+++ GIVEN MATERIAL +++
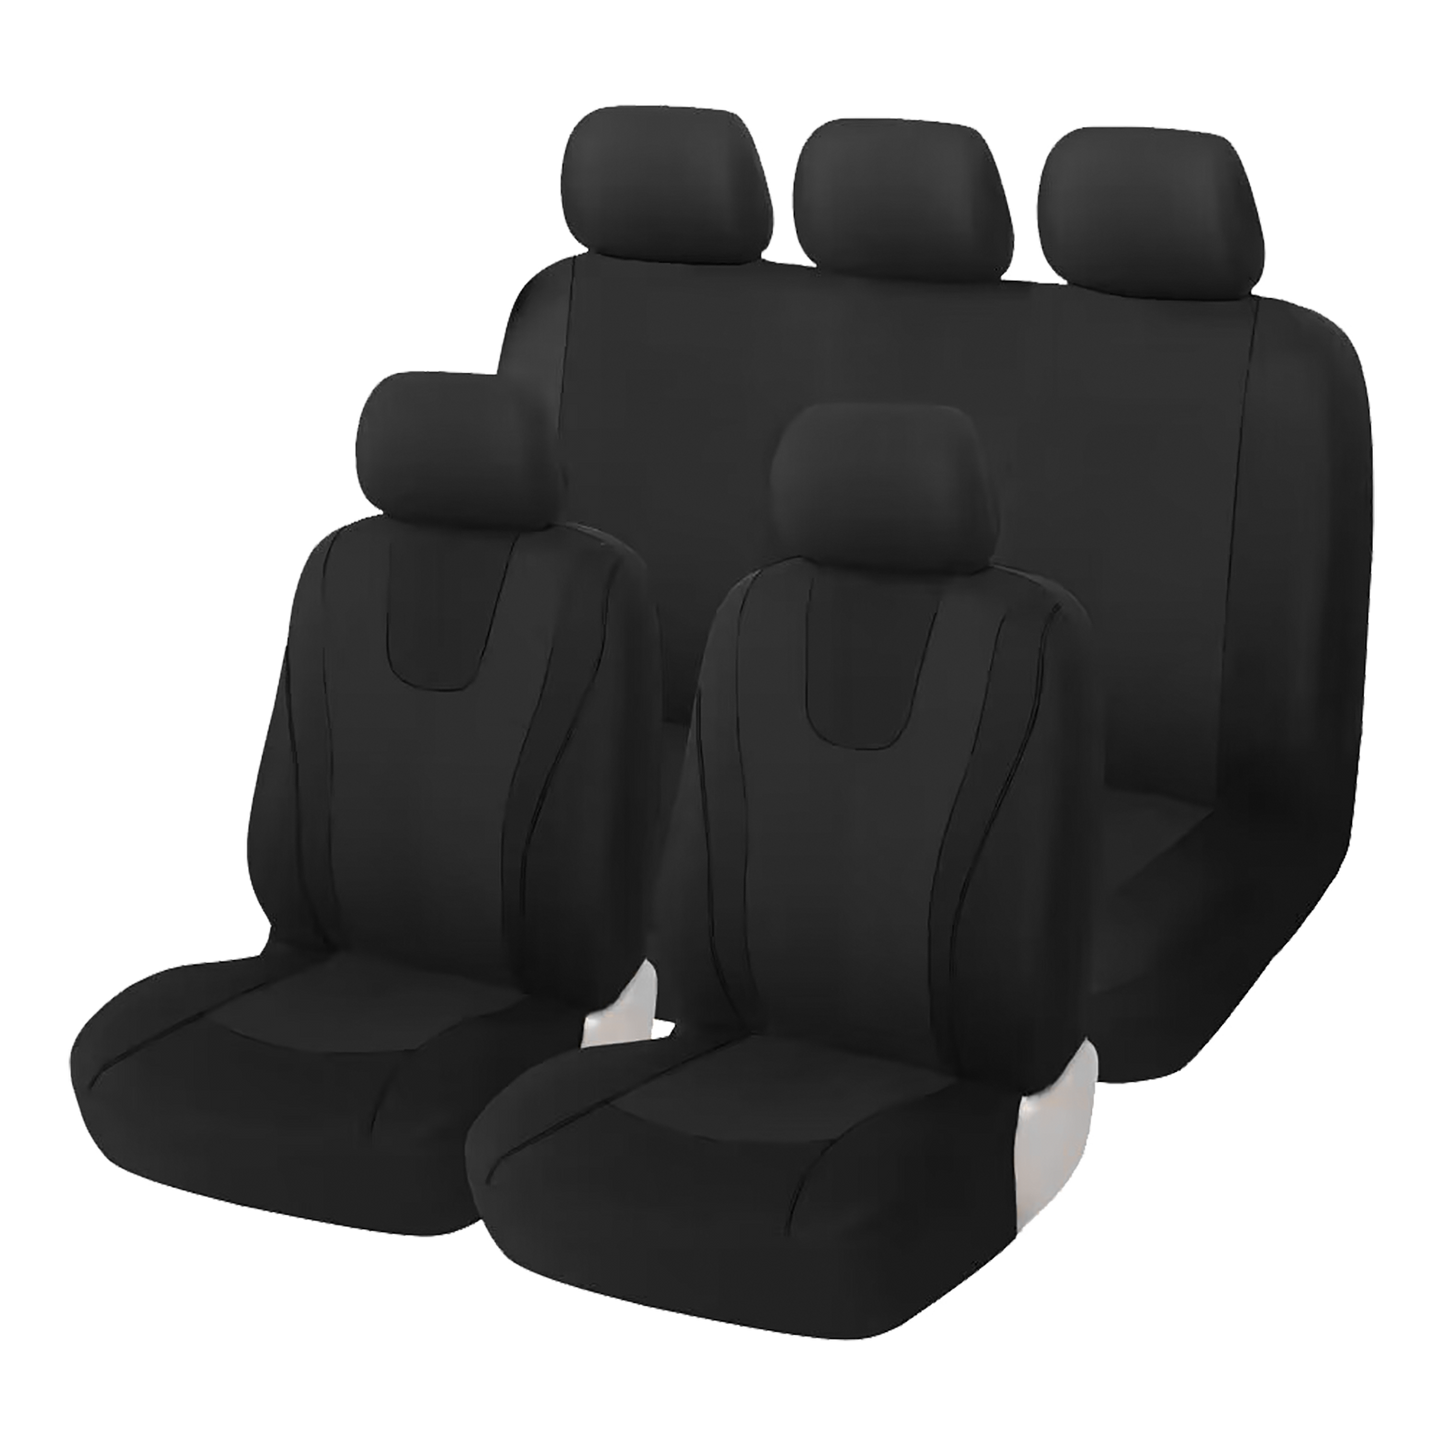 universal car seat cover fabric for 5 seat black
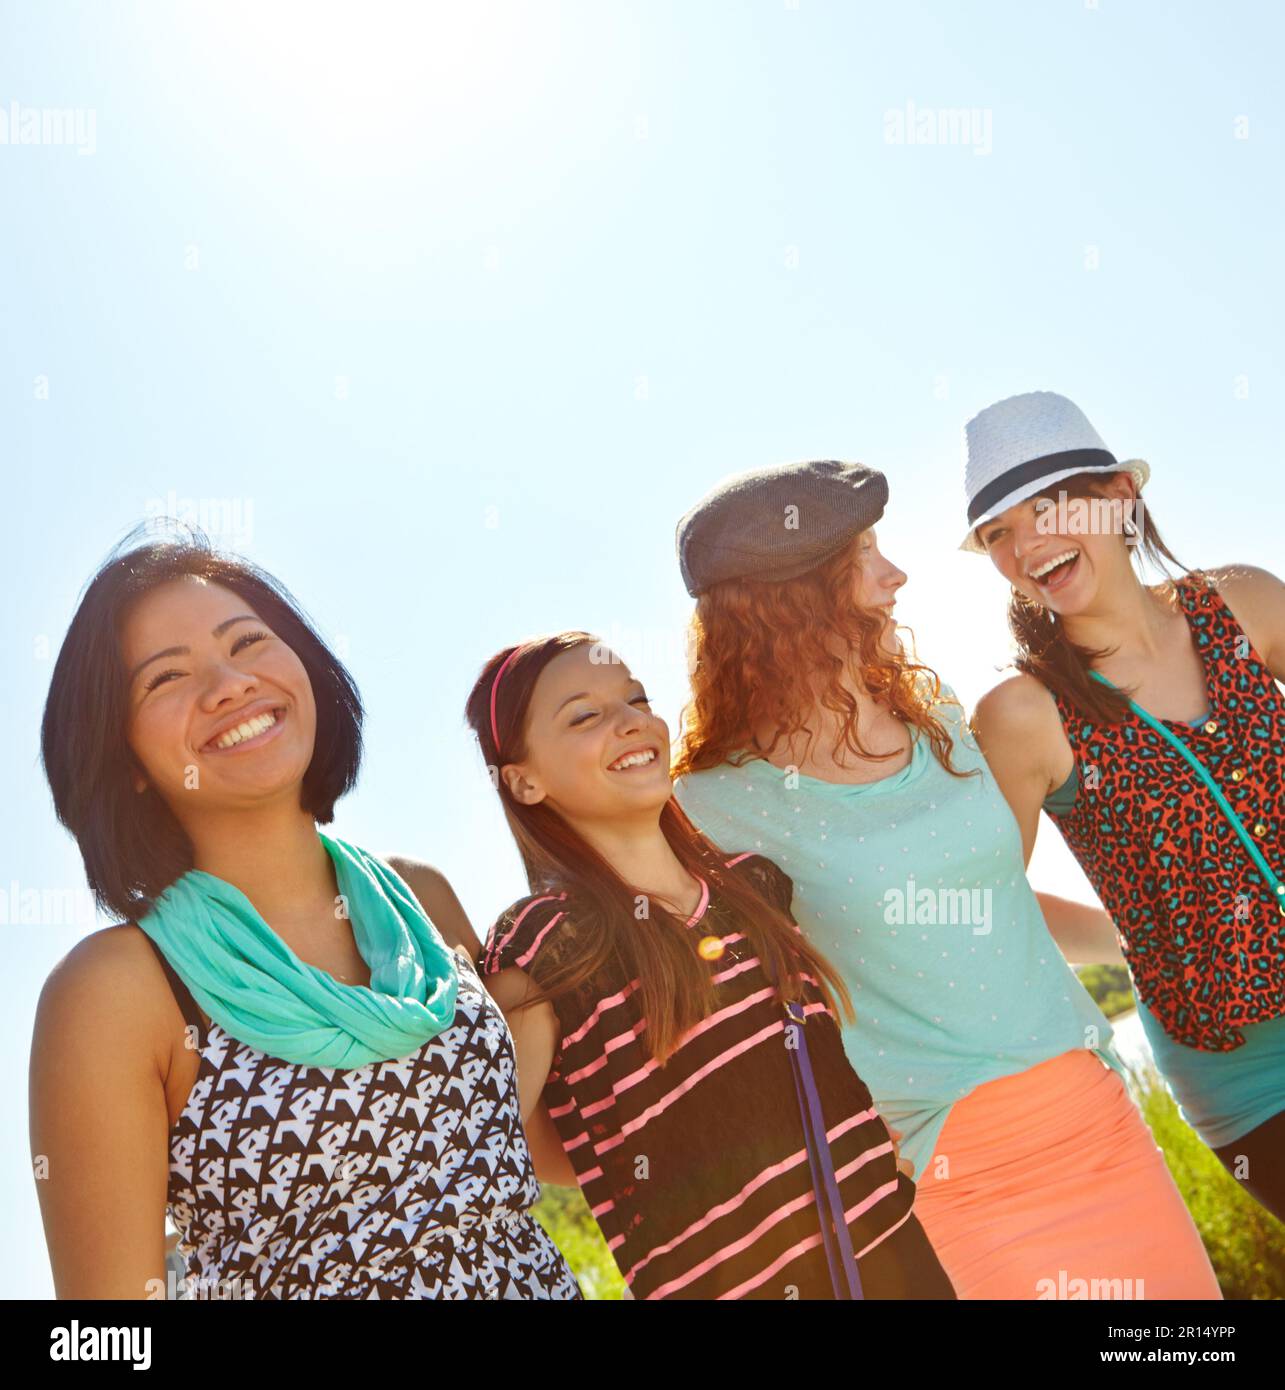 Strolling in the summer sun. Low-angle view of a group of teeange girls walking outside with their arms entwined. Stock Photo
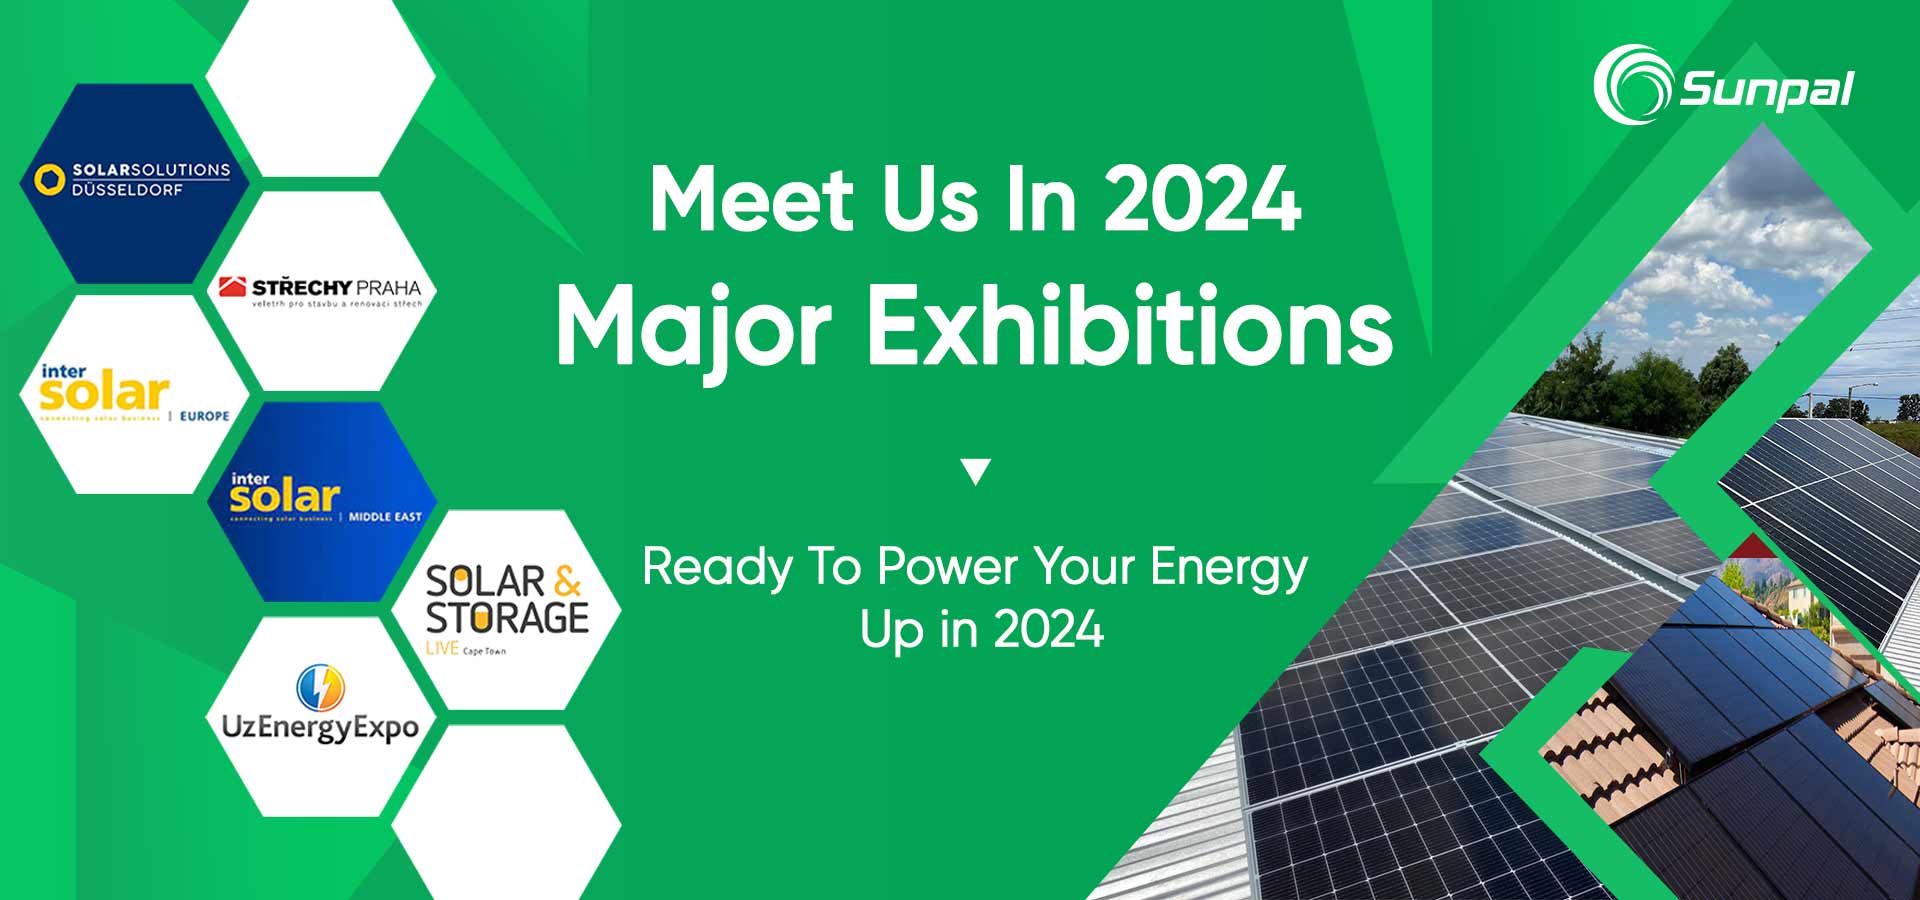 2024 Trade Fairs That Sunpal Power Will Attend To
+++
- _ACTIVITY_
Please provide a faithful transcription of all the data, pictures excluded.

- _TASK ANSWER_
 universal car seat cover fabric for 5 seat black
 Strolling in the summer sun. Low-angle view of a group of teeange girls walking outside with their arms entwined. Stock Photo
 2024 Trade Fairs That Sunpal Power Will Attend To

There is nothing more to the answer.